Novartis Pharma AG, WSJ-103.1, Novartis Campus, Basel, Switzerland.
MRC-PHE Centre for Environment and Health, Imperial College London, St Mary's Campus, Norfolk Place, London, UK.
Biostatistics. 2019 Jan 1;20(1):1-16. doi: 10.1093/biostatistics/kxx058.
Small area ecological studies are commonly used in epidemiology to assess the impact of area level risk factors on health outcomes when data are only available in an aggregated form. However, the resulting estimates are often biased due to unmeasured confounders, which typically are not available from the standard administrative registries used for these studies. Extra information on confounders can be provided through external data sets such as surveys or cohorts, where the data are available at the individual level rather than at the area level; however, such data typically lack the geographical coverage of administrative registries. We develop a framework of analysis which combines ecological and individual level data from different sources to provide an adjusted estimate of area level risk factors which is less biased. Our method (i) summarizes all available individual level confounders into an area level scalar variable, which we call ecological propensity score (EPS), (ii) implements a hierarchical structured approach to impute the values of EPS whenever they are missing, and (iii) includes the estimated and imputed EPS into the ecological regression linking the risk factors to the health outcome. Through a simulation study, we show that integrating individual level data into small area analyses via EPS is a promising method to reduce the bias intrinsic in ecological studies due to unmeasured confounders; we also apply the method to a real case study to evaluate the effect of air pollution on coronary heart disease hospital admissions in Greater London.

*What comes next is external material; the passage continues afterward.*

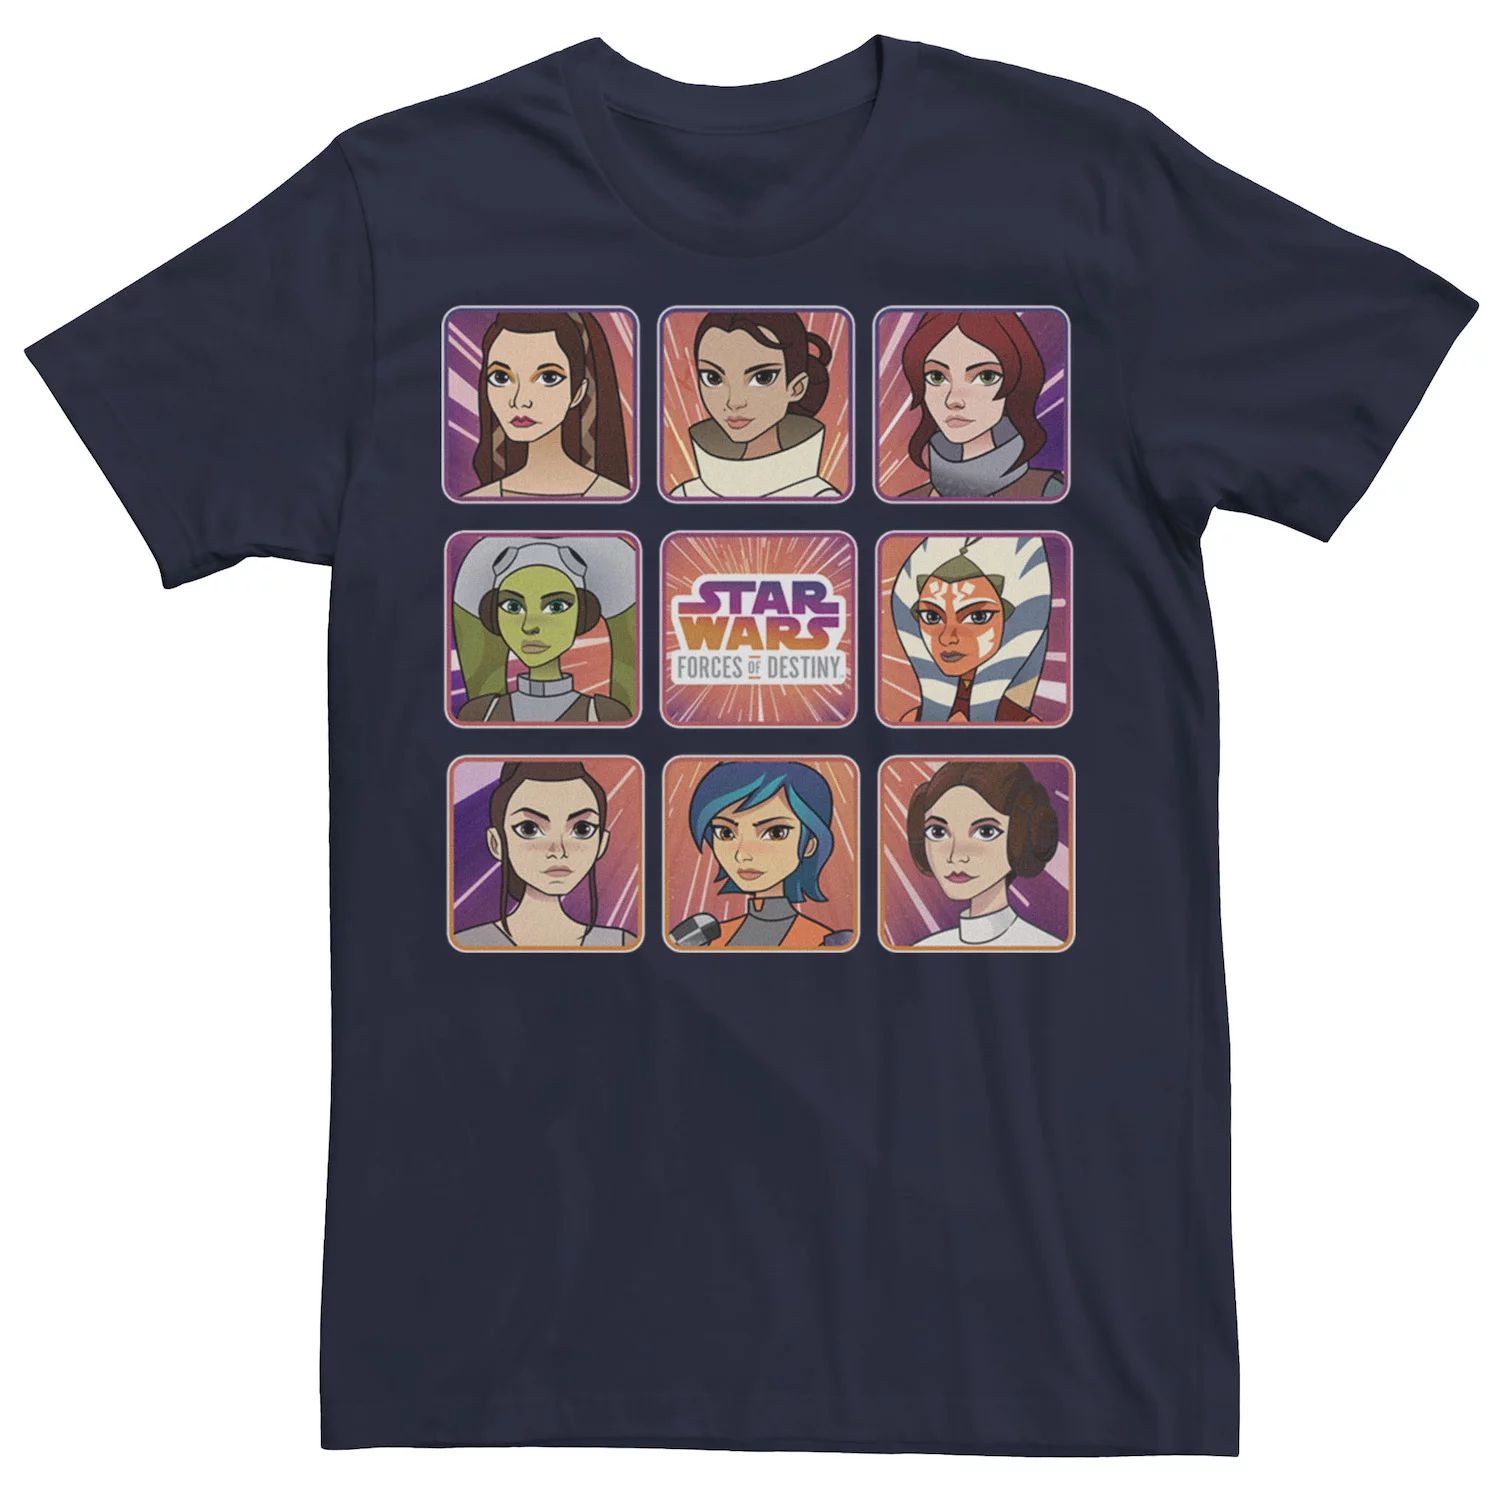 

Мужская футболка Forces of Destiny с изображением женского персонажа и коллажа Star Wars

小区域生态研究常用于流行病学,当数据仅以聚合形式可用时,评估区域水平风险因素对健康结果的影响。然而,由于未测量的混杂因素,由此产生的估计通常存在偏差,这些混杂因素通常无法从用于这些研究的标准行政登记处获得。混杂因素的额外信息可以通过外部数据集(如调查或队列)提供,这些数据集的个体水平而不是区域水平提供数据;然而,这种数据通常缺乏行政登记处的地理覆盖范围。我们开发了一种分析框架,将来自不同来源的生态和个体水平数据结合起来,提供对区域水平风险因素的调整估计,从而减少偏差。我们的方法 (i) 将所有可用的个体水平混杂因素总结为一个区域水平标量变量,我们称之为生态倾向评分 (EPS),(ii) 实施分层结构方法,在 EPS 缺失时对其进行估算,以及 (iii) 将估计和估算的 EPS 纳入将风险因素与健康结果联系起来的生态回归中。通过模拟研究,我们表明,通过 EPS 将个体水平数据整合到小区域分析中是一种有前途的方法,可以减少由于未测量的混杂因素导致的生态研究固有的偏差;我们还将该方法应用于真实案例研究,以评估大伦敦地区空气污染对冠心病住院的影响。